In other words, a single neuron may resemble less a simple switch than a customized minicomputer, sophisticated enough to distinguish your grandmother from Grandma Moses. If this view is correct, meaningful messages might be conveyed not just by hordes of neurons screaming in unison but by a small group of cells whispering, perhaps in a terse temporal code. Discerning such faint signals within the cacophony of the brain will be "incredibly difficult," Koch says, no matter how far neurotechnology advances.

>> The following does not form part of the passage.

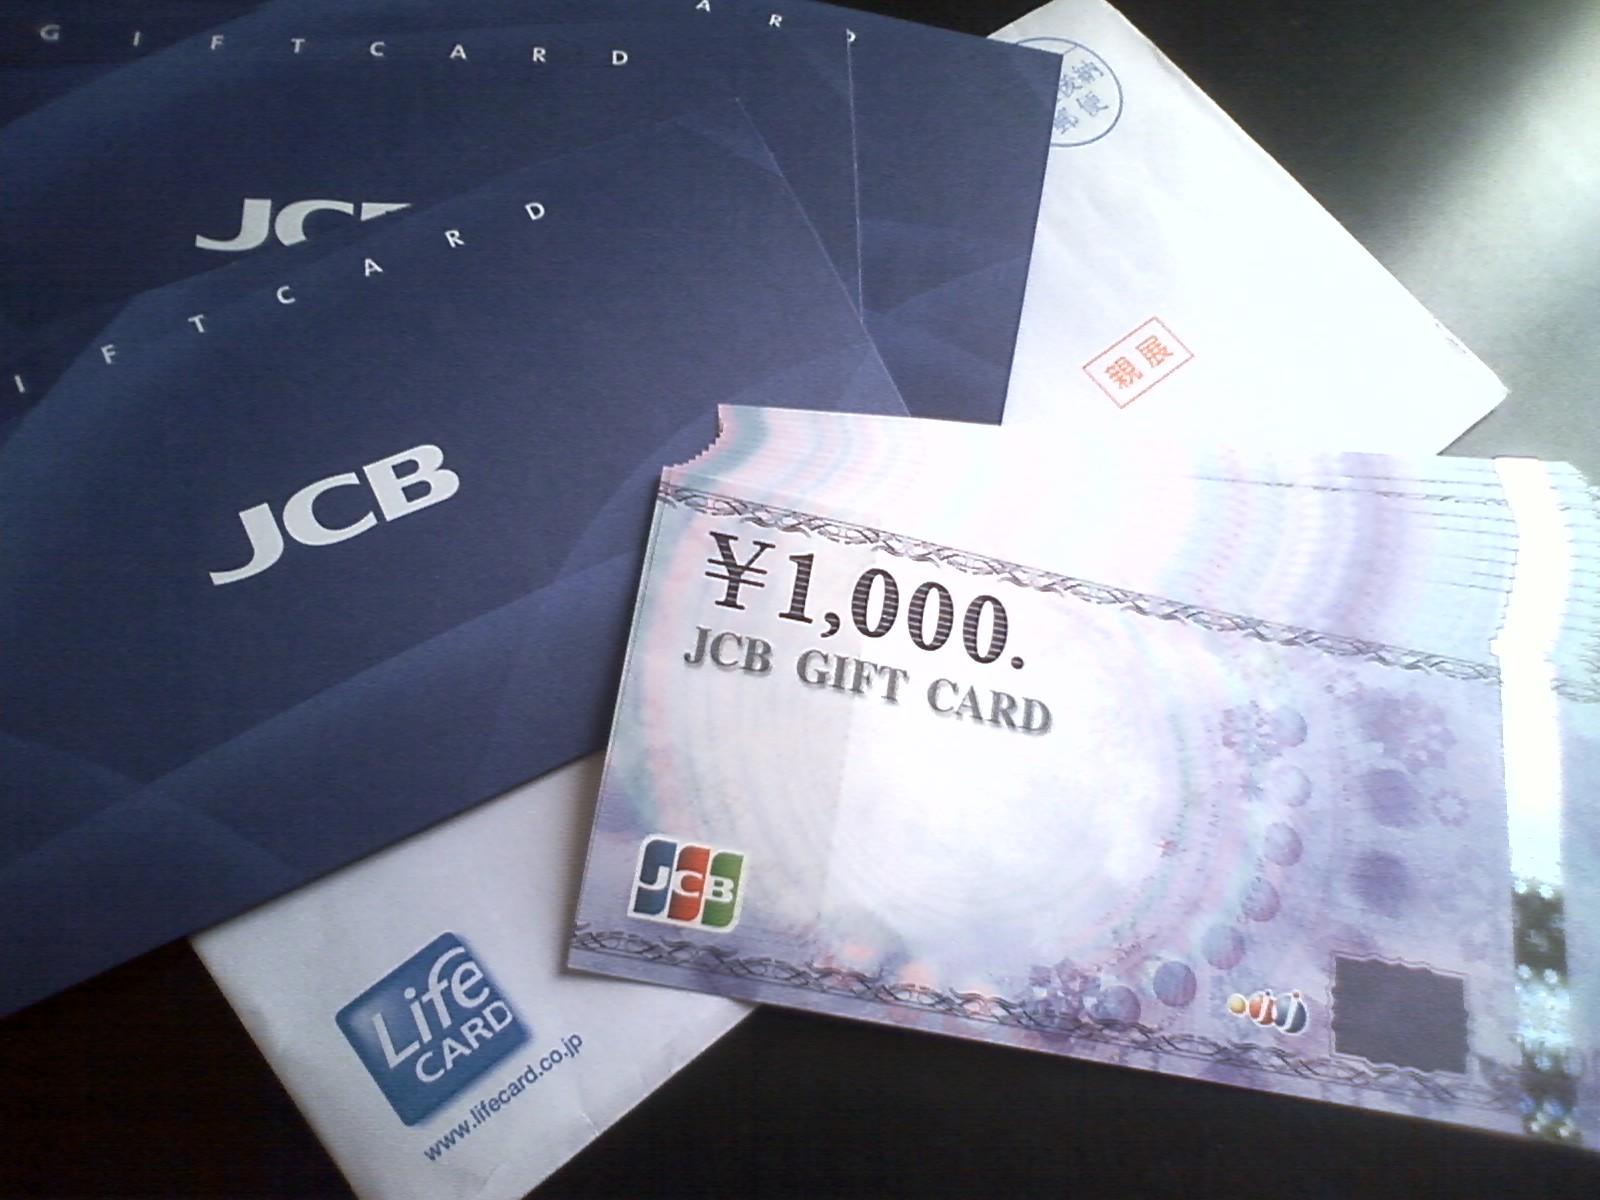 トップ 素晴らしい ギフトカード jcb   9824
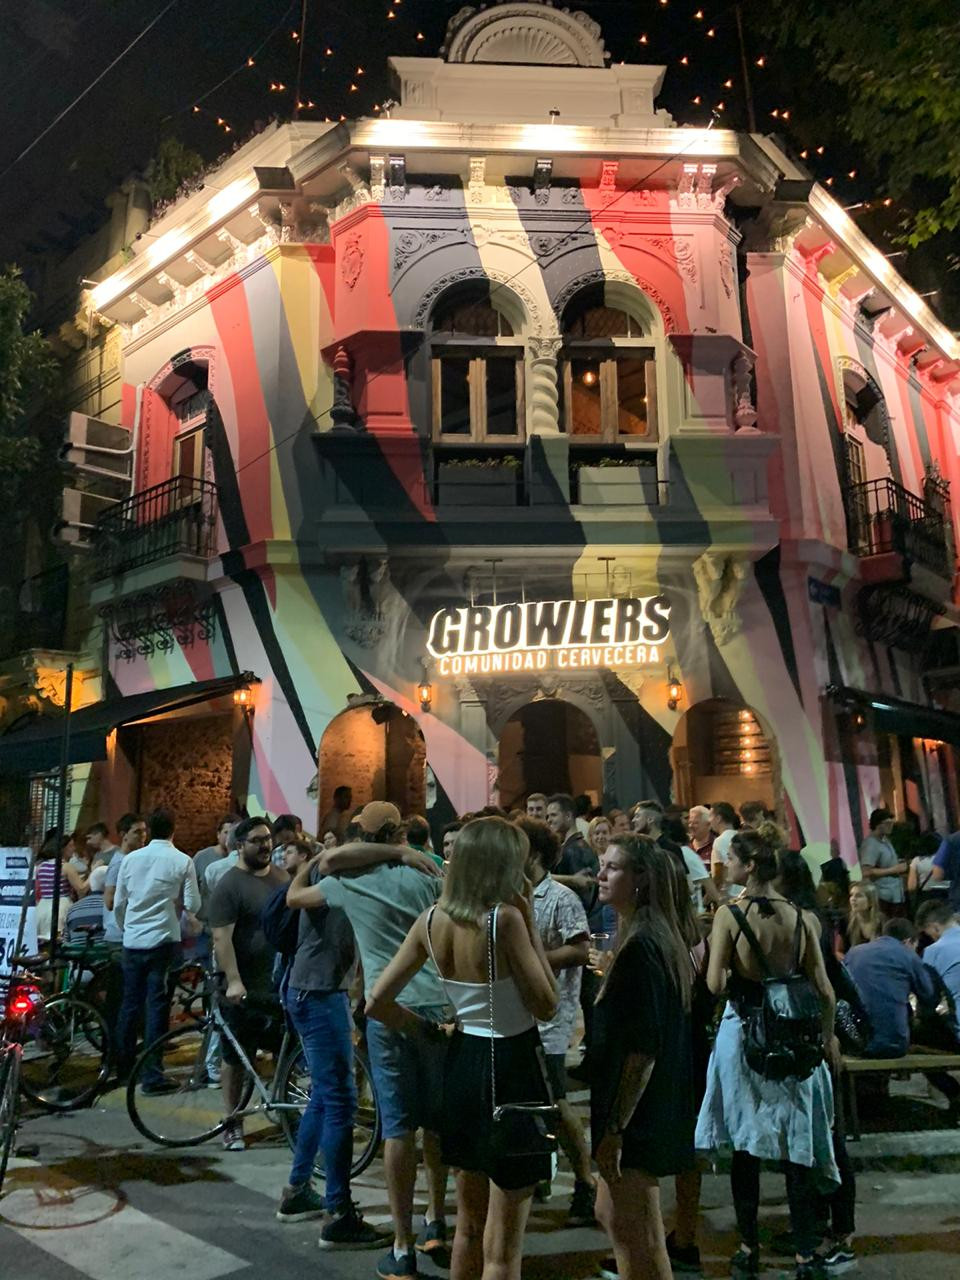 nuevo local de la cerveceria Growlers en Belgrano

Efforts to detect the whispers amid the cacophony are further complicated by the improvisational dexterity of the brain. Studies of the motor cortex, which underlies body movement, have shown that the brain invents entirely new coding schemes for novel situations. In the 1980s, researchers discovered neurons in a monkey's motor cortex that peaked in their firing rate when the monkey moved its hand in a specific direction. Rather than falling silent when the hand diverged even slightly from its so-called preferred direction, the cells' firing rate diminished in proportion to the angle of divergence.
Several teams, including one led by Andrew Schwartz of the University of Pittsburgh, have sought to exploit these findings to create neural prostheses for paralyzed patients. They have demonstrated that electrodes implanted in a monkey's motor cortex can detect signals accompanying a specific arm movement; these same signals—after being processed by an algorithm—can initiate similar movements by a robot arm. If the monkey's arm is tied down, the monkey learns to control the robot arm through pure thought—but with an entirely different set of neural signals. These findings dovetail with others showing that neurons' coding behavior shifts in different contexts. "What you're aiming at is sort of a moving target," Schwartz says. "If you make an estimate of something at one point in time, that doesn't mean it's going to stay that way."